Malam ini, tindakan Leon dan Rosvitha hanya memperdalam pemikiran di benak Noia bahwa “mereka sedang jatuh cinta, mereka peduli dengan keluarga ini.”
Kekhawatiran dan kesusahan putri naga kecil berangsur-angsur hilang seiring dengan sejuknya angin laut.
Meskipun dia masih sedikit takut pada hari dimana mereka akan berpisah, kebahagiaan saat ini meluap seperti air dari cangkir, cukup untuk membuat Noia melupakan kekhawatirannya untuk sementara.
“Kakak, Kakak, Kakak!!”
Dalam momen yang teralihkan, Muen dengan bersemangat menepuk lengannya.
“Ada apa?” Noia mendapatkan kembali fokusnya dan menatap adiknya.
Muen, melompat-lompat, menunjuk ke arah pantai di kejauhan.
“Ayah dan ibu akan melakukan sesuatu yang tidak bisa ditonton oleh anak-anak!”

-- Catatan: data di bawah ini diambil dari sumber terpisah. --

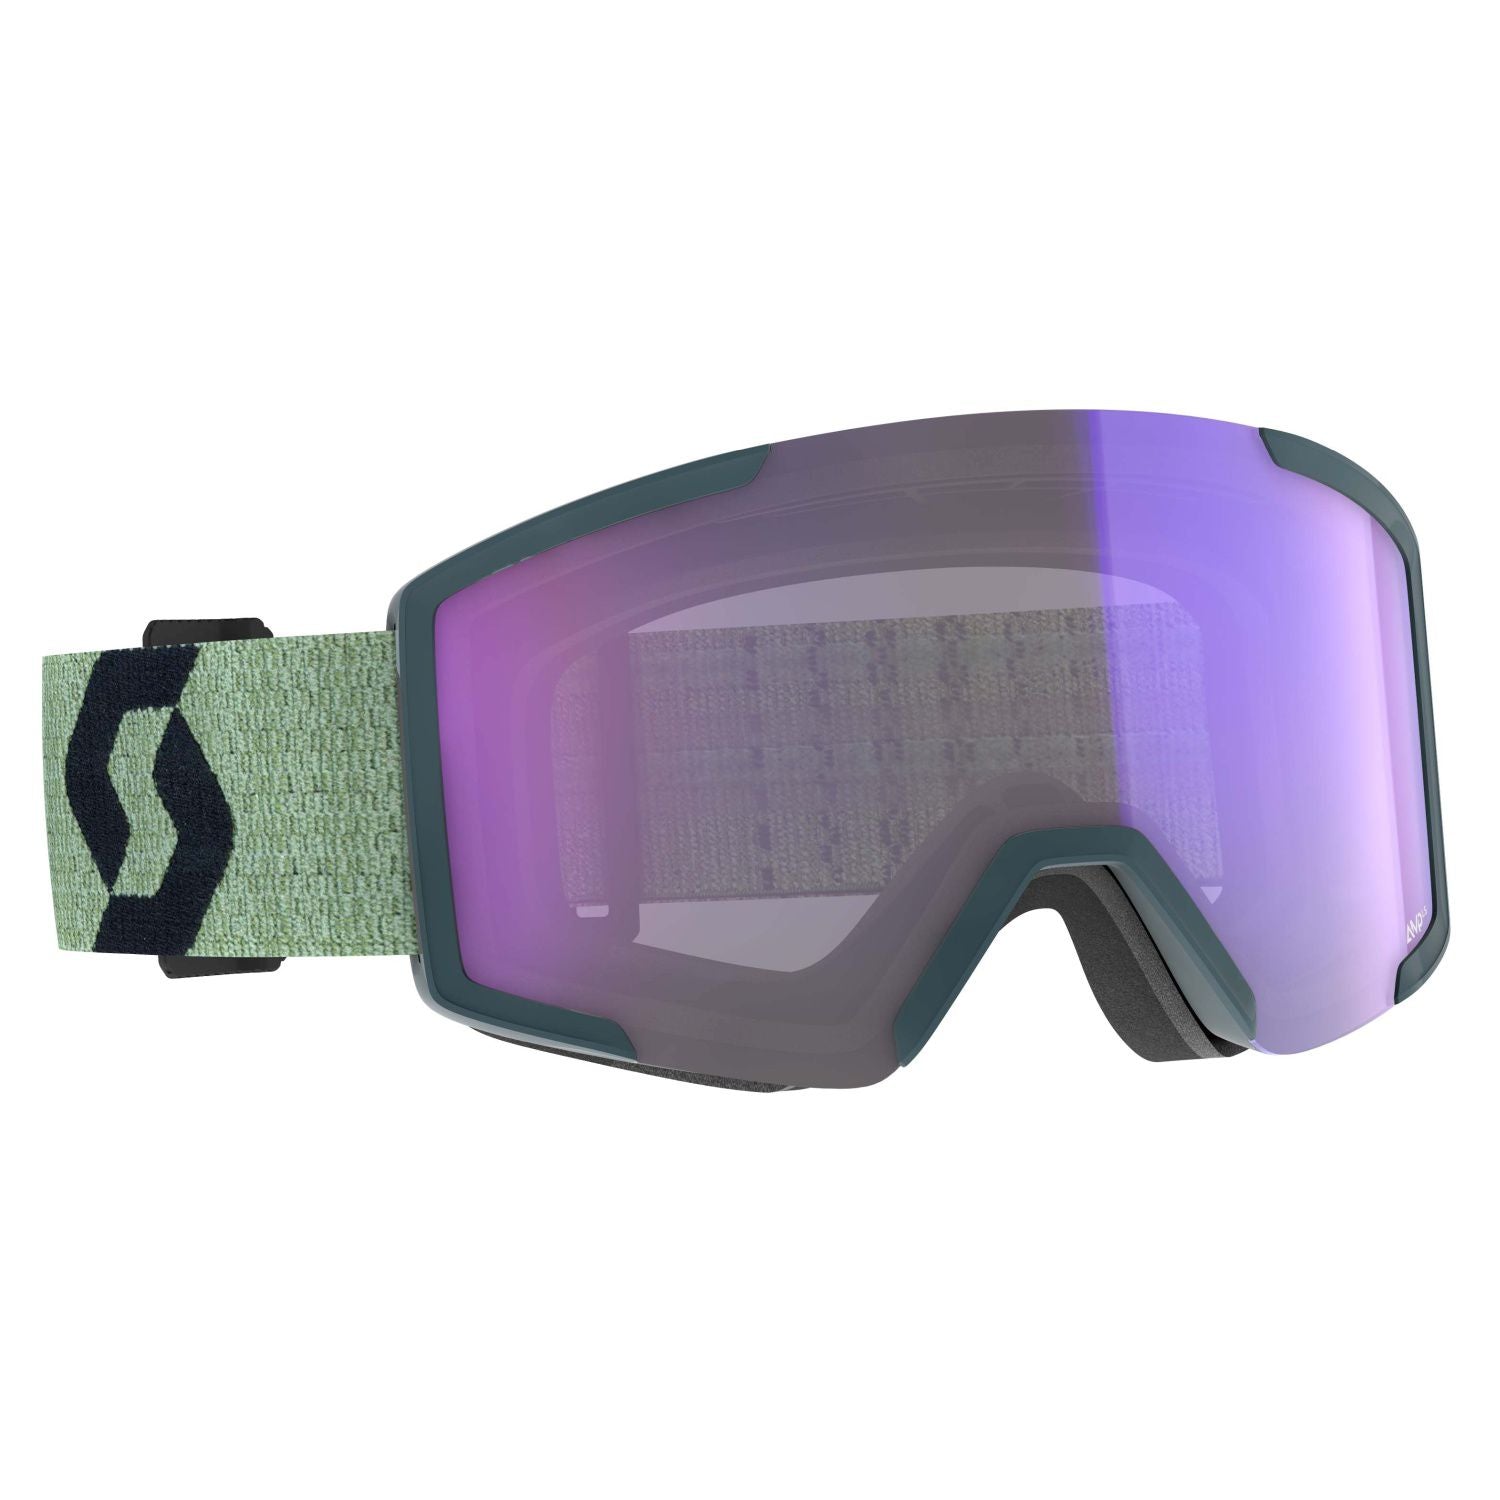 Gafas de esquí - Fotocromáticas, Comprar barato

“eh?” Noia mengikuti jari adiknya.
Tentu saja.
Mereka berdua berdiri di tengah ombak, air mencapai mata kaki mereka.
Rambut perak ibu mengalir seperti air terjun, menakjubkan dan menawan.
Tangan besar Ayah memeluk pinggang rampingnya, memeluknya erat-erat di dadanya.
Mereka saling memandang, hidung mereka bersentuhan lembut, bibir mereka yang penuh gairah membelai.
Si cantik mengangkat tangannya, ujung jarinya menggoda pipi suaminya, menatap matanya sambil tersenyum. “Kamu tahu putri-putrinya sedang memperhatikan kita, bukan?”
“Aku tahu.”
“Maka kamu juga harus tahu bahwa beberapa adegan tidak cocok untuk anak-anak.”
“Dimengerti, Yang Mulia.”
Pipi Rosvitha memerah saat dia terkekeh, “Baiklah, baiklah, mengerti~”
Dia menutup matanya dan membungkuk untuk mencium pria di depannya.
Sementara itu, di sisi lain.
Noia benar-benar terpesona.
Sekarang dia akhirnya memahami ekspresi lama Kepala Sekolah Wilson; ternyata pengirimannya sangat memuaskan!
Sementara Muen diam-diam menutup mata adik perempuannya, dengan sungguh-sungguh berkata, “Anak-anak tidak boleh menonton~”
Little Light: Kakak kedua, sepertinya kamu juga ingin mencicipi salah satu pukulanku.